1. Internal motivation: What is it about _______ that gets you excited? Whether it is losing weight, adhering to medication or changing eating habits, it is important to identify your driving factor for the change to be lasting and effective. Advice or recommendations from family members, physicians or friends usually comes from a place of love and concern, but is often not enough to make you want to engage in a behavior. When attempting to change something for health, it is critical to spend time identifying the factors that internally excite you for embracing the change. For example, if you want to lose weight and start exercising, but hate going to the gym, buying a membership is not going to motivate you to change. If you enjoy being outdoors, incorporating walks into your routine is a likely way to increase internal motivation and behavior adaptation. Spend time reflecting on your goals and find out what makes you want to achieve them. Write these down and keep them visible to help you along your journey to health and happiness.
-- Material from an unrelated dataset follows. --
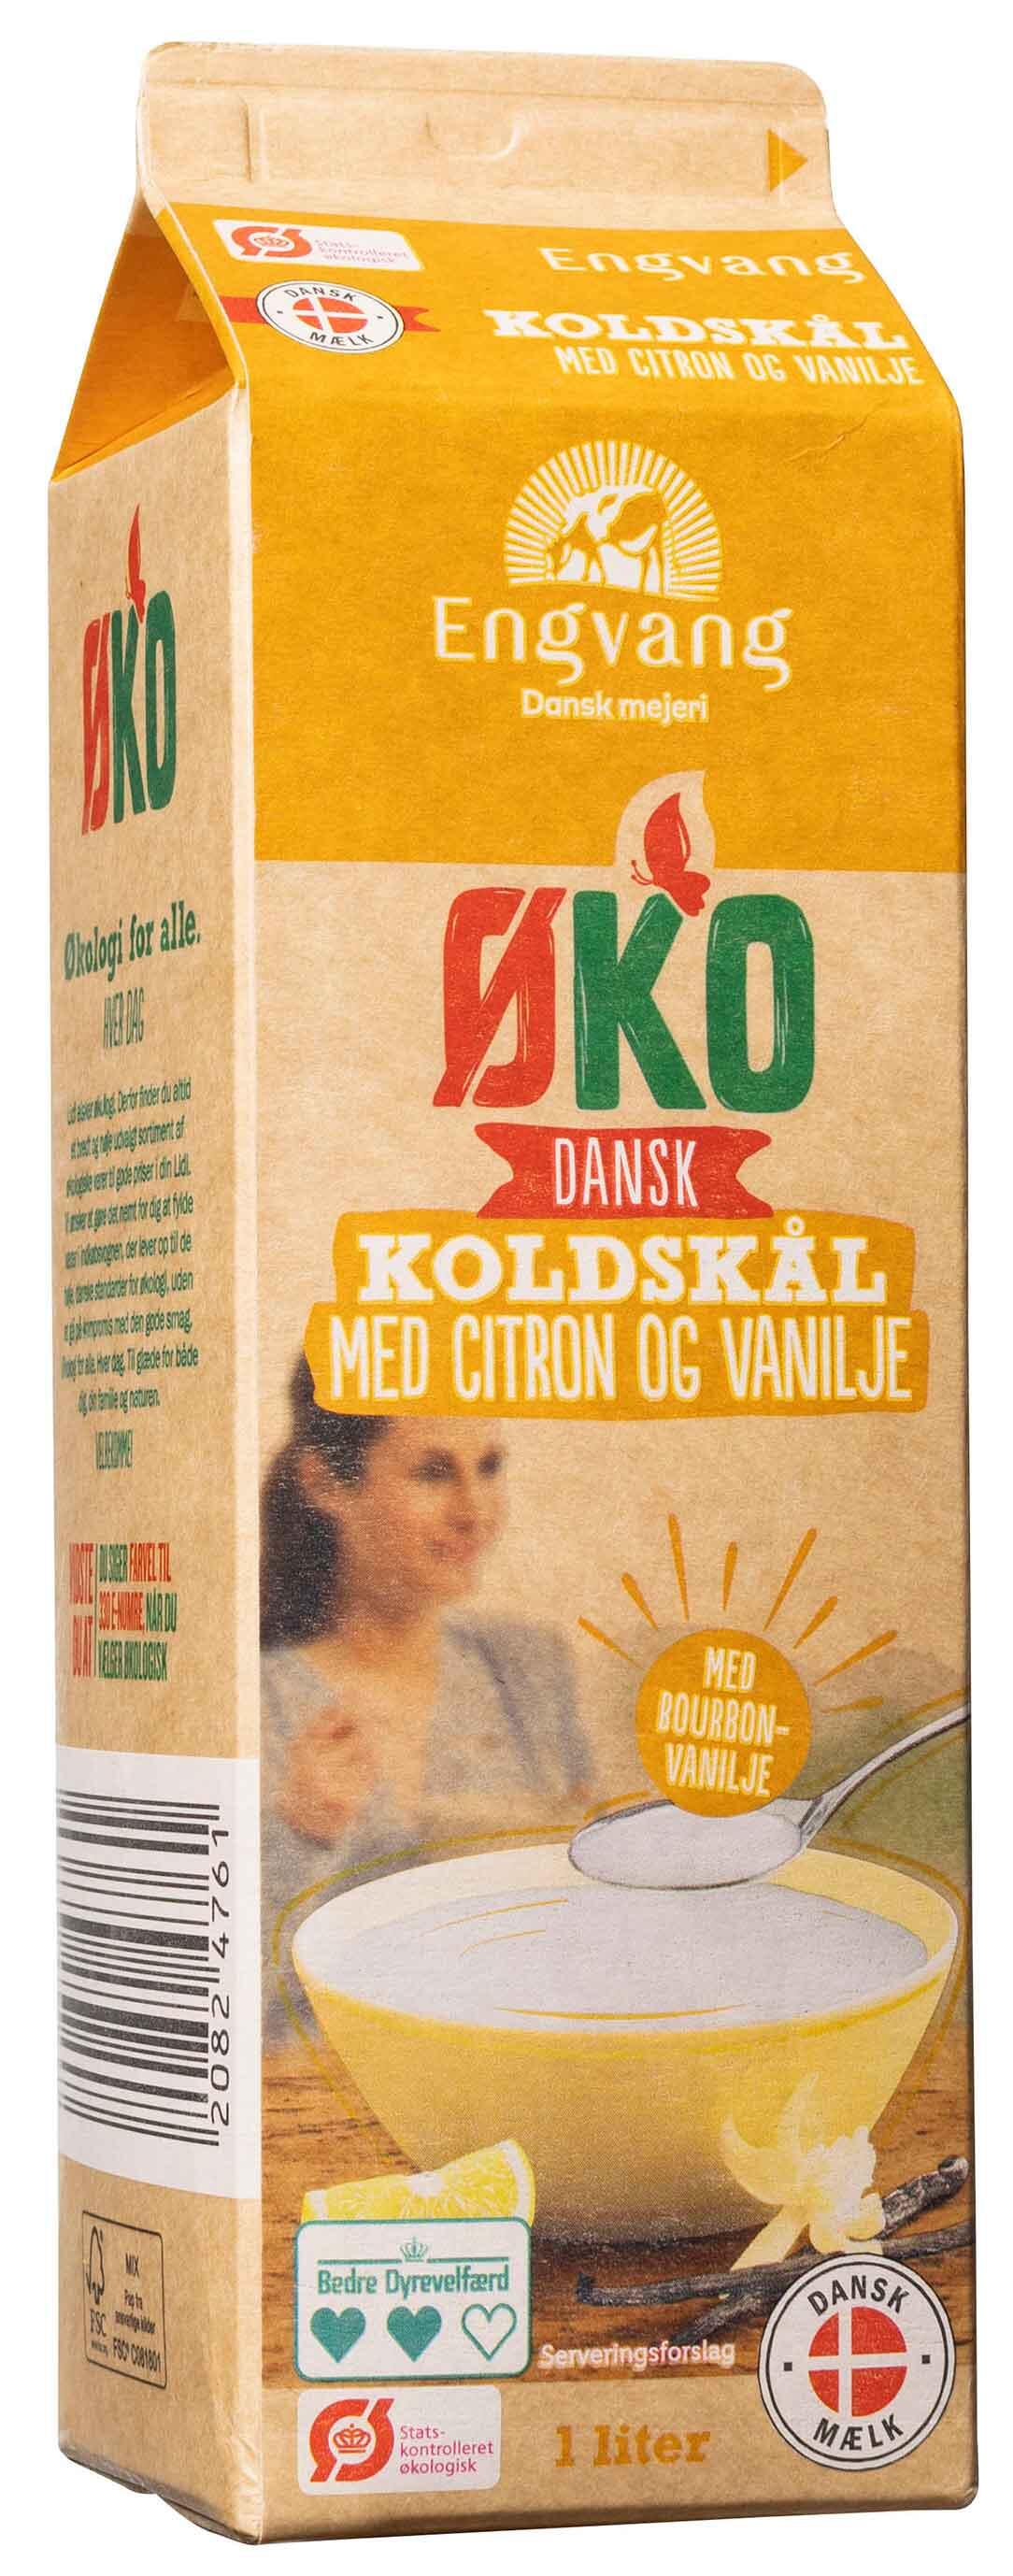 Øko dansk koldskål med citron og vanilje Engvang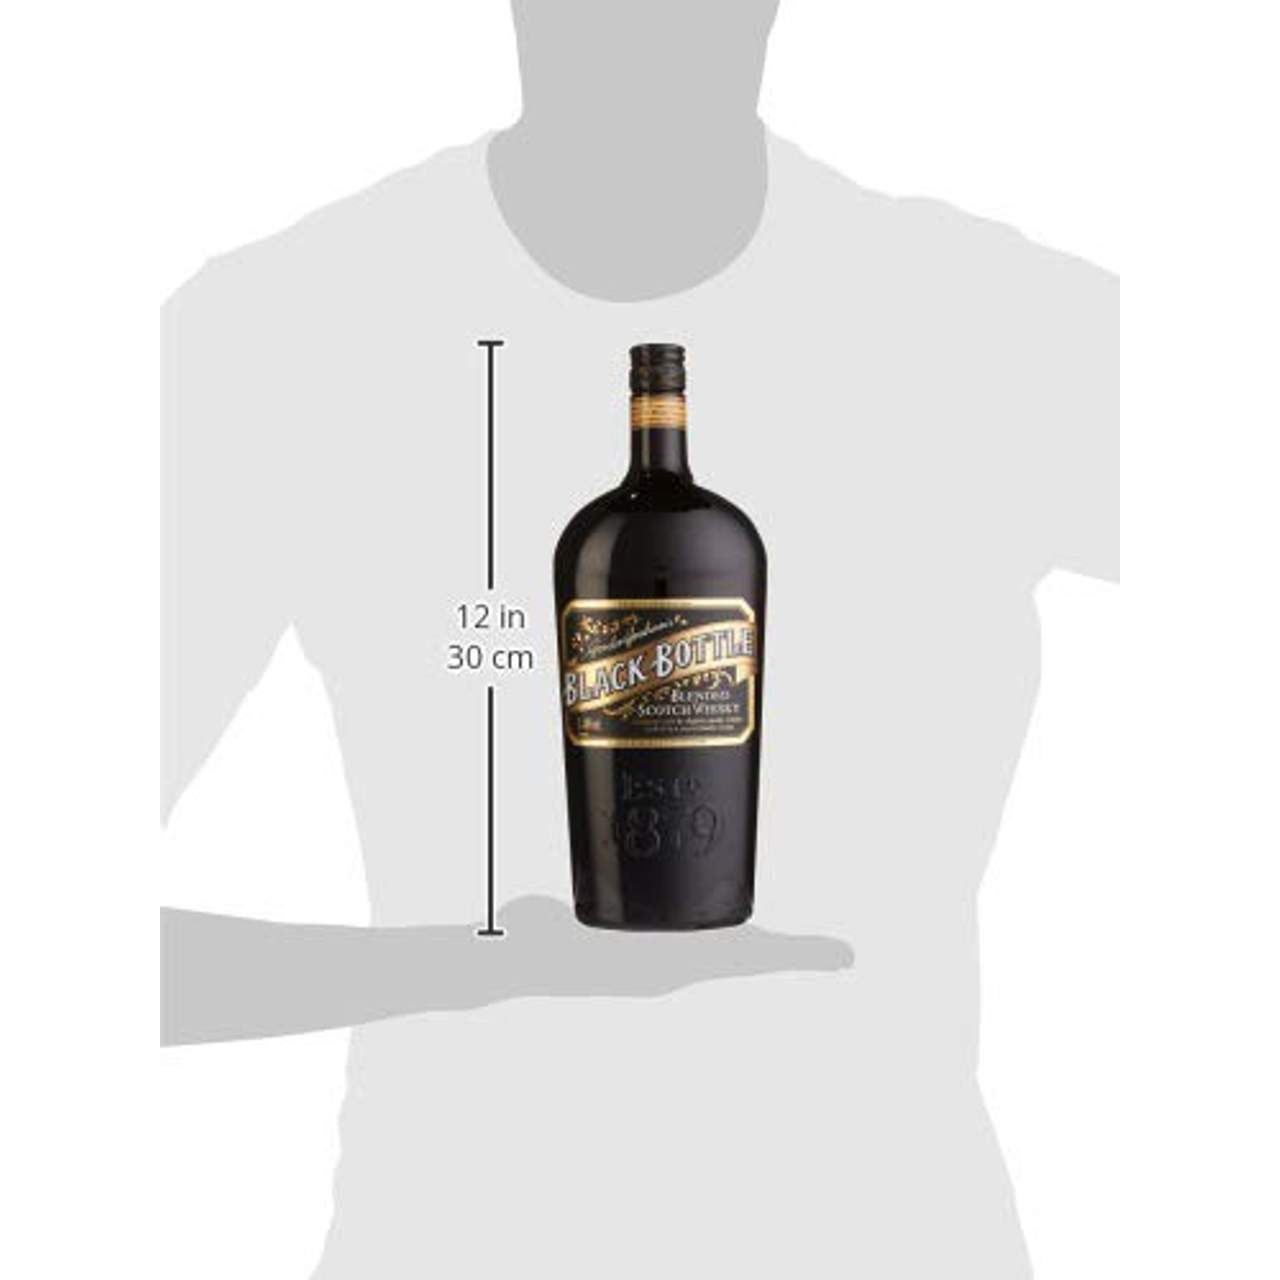 Gordon's Graham's Black Bottle Blended Whisky

2. Situational analysis: Nothing is ever as bad as it seems. As mentioned earlier, it is easy to get caught up in the “all-or-nothing” mindset. When our intentions and plans fall off track, it is a slippery slope operating in this frame of mind. In reality, the horrible day of fast-food consumption or week of no workouts is NOT as bad as it seems. Oftentimes, it is easy to say, “I will start (fill in the blank) on Monday” because of a relapse in progress. But why give up on an entire day, week or month because of a slip up? Instead, take the next meal, the next walk or the next hour as a chance to regain focus and embrace your health. Channel your internal motivation and get back on the wagon. Remind yourself, it is not has bad as it seems!

3. Choosing optimism: Perspective is a choice. This is one of the most empowering and liberating mindsets to have, but it takes practice. The way we react to a situation elicits a number of responses, both emotionally and physically. Negative reactions elicit a stress response in our bodies, sending stress hormones into action that can make us feel irritable, have cravings and sleep less. The flip side to this is seeing the silver lining in all situations, even when this may seem difficult. Positive reactions to stressful situations may leave us calm, feeling in control and able to embrace healthy habits despite changes in our surroundings. The bottom line is, perspective is a choice, and you have the ability to choose they way you perceive a situation. The next time you are faced with a setback, take a deep breath, and consciously work to choose optimism. Eventually, this mindset will be second nature.
As a closing piece of inspiration, think about the words Mahatma Ghandi:
“Your beliefs become your thoughts, your thoughts become your words, your words become your actions, your actions become your habits, your habits become your values, your values become your destiny.”